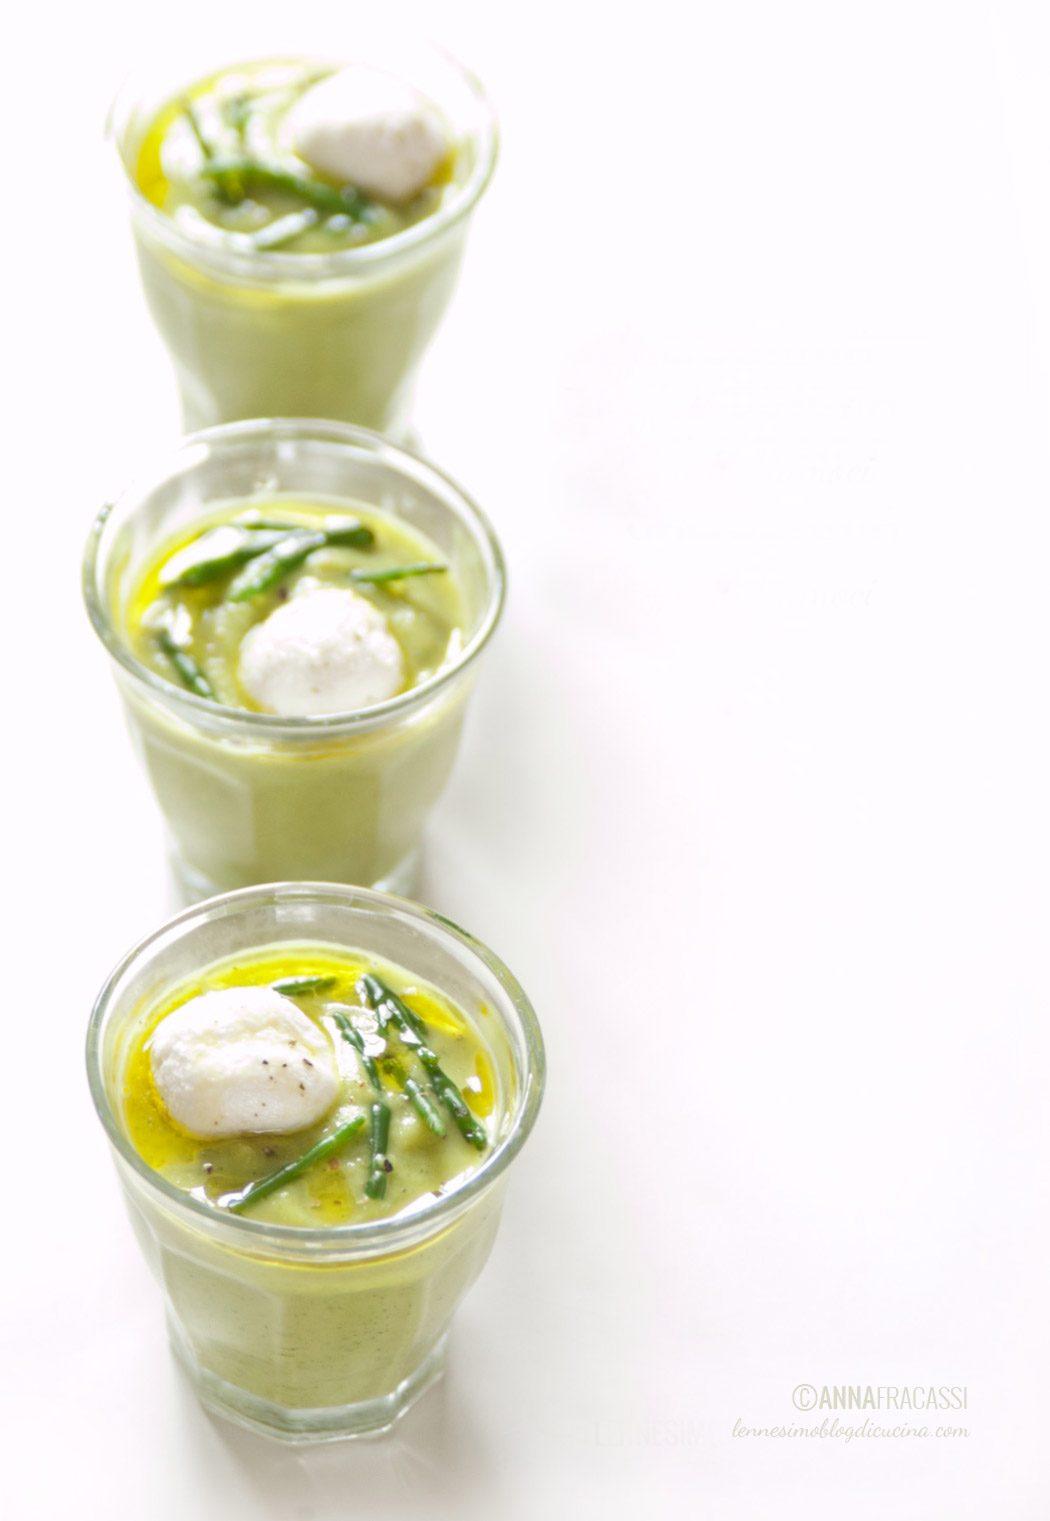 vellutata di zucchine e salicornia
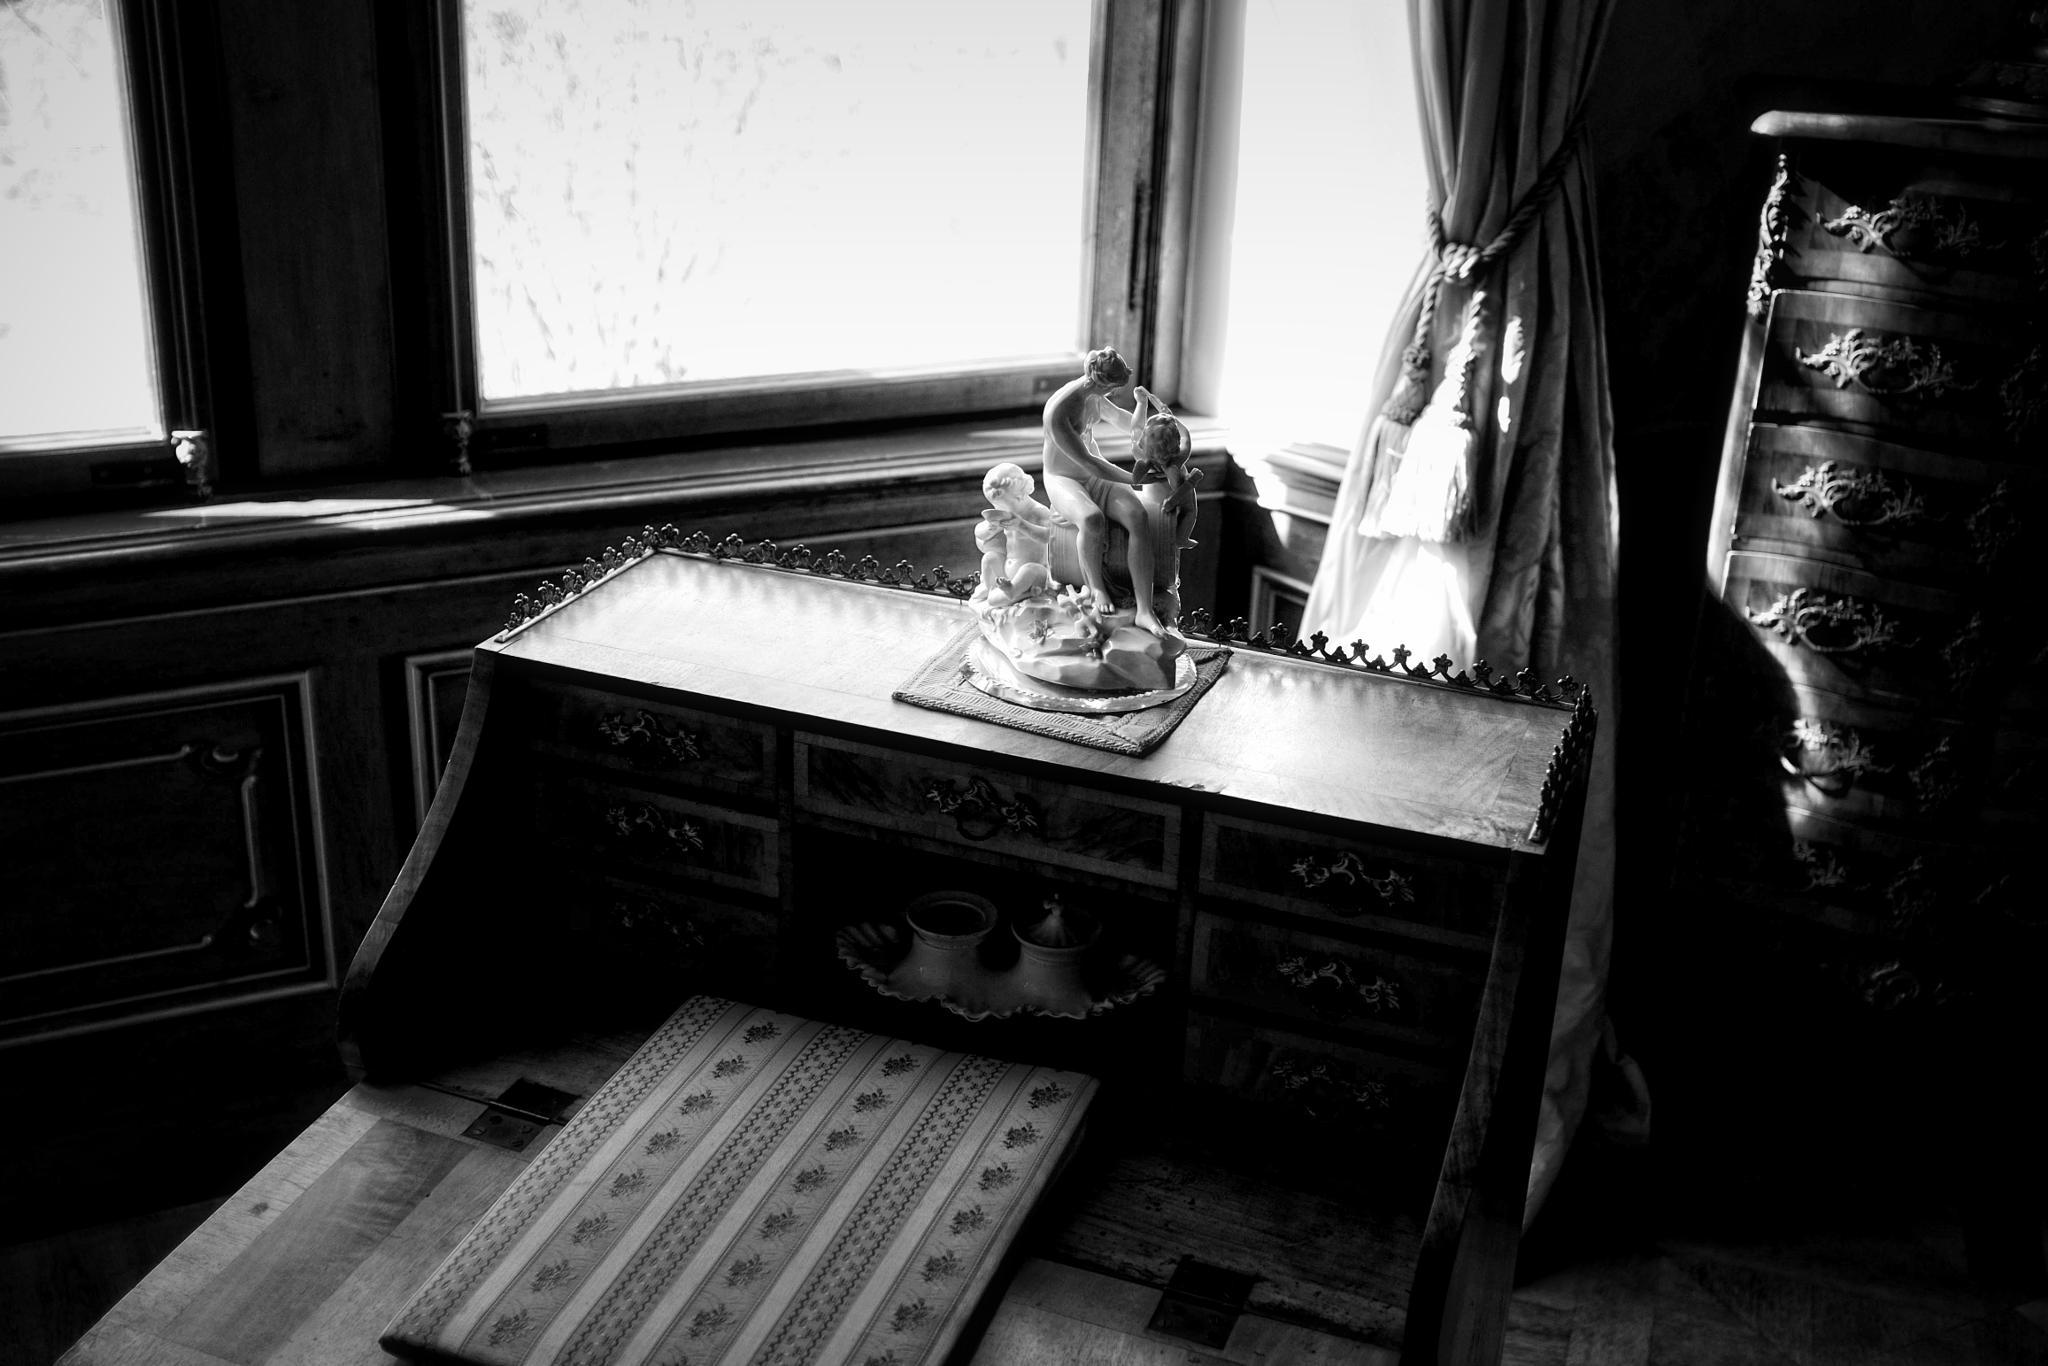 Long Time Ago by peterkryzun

■ ■ ■ ■

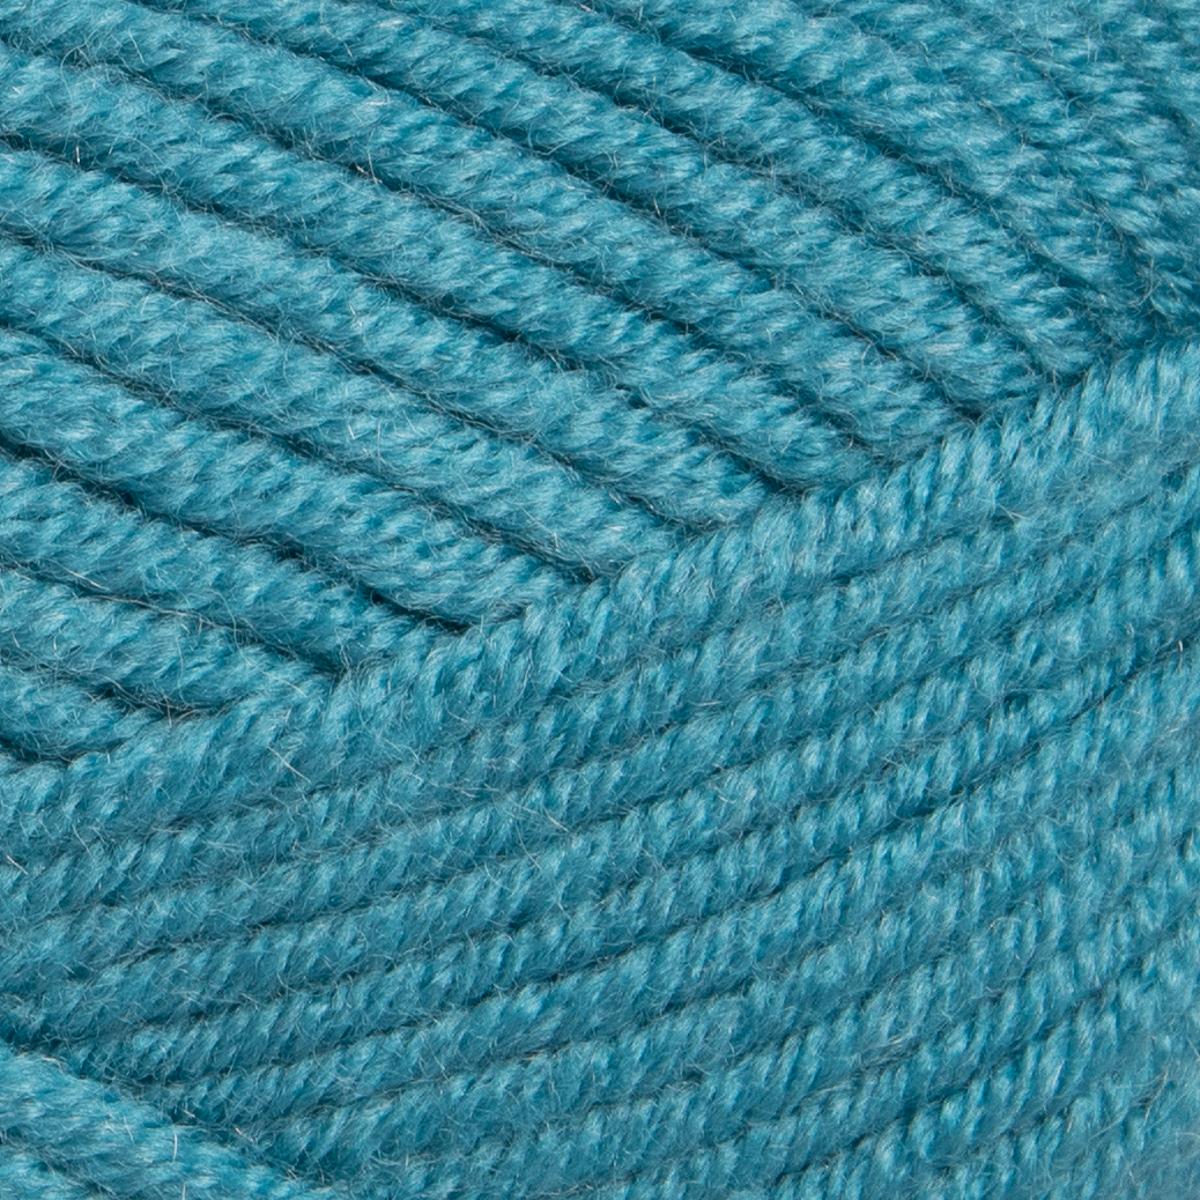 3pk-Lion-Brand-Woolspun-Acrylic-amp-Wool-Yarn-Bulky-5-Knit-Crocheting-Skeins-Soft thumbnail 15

■ ■ ■ ■

= TASK DETAILS =
Would you copy out, exactly and with no pictures, only the lines above from the one that contains "vellutata di zucchine e salicornia" through the one that contains "Long Time Ago by peterkryzun"?

= ANSWER BOX =
 vellutata di zucchine e salicornia
 Long Time Ago by peterkryzun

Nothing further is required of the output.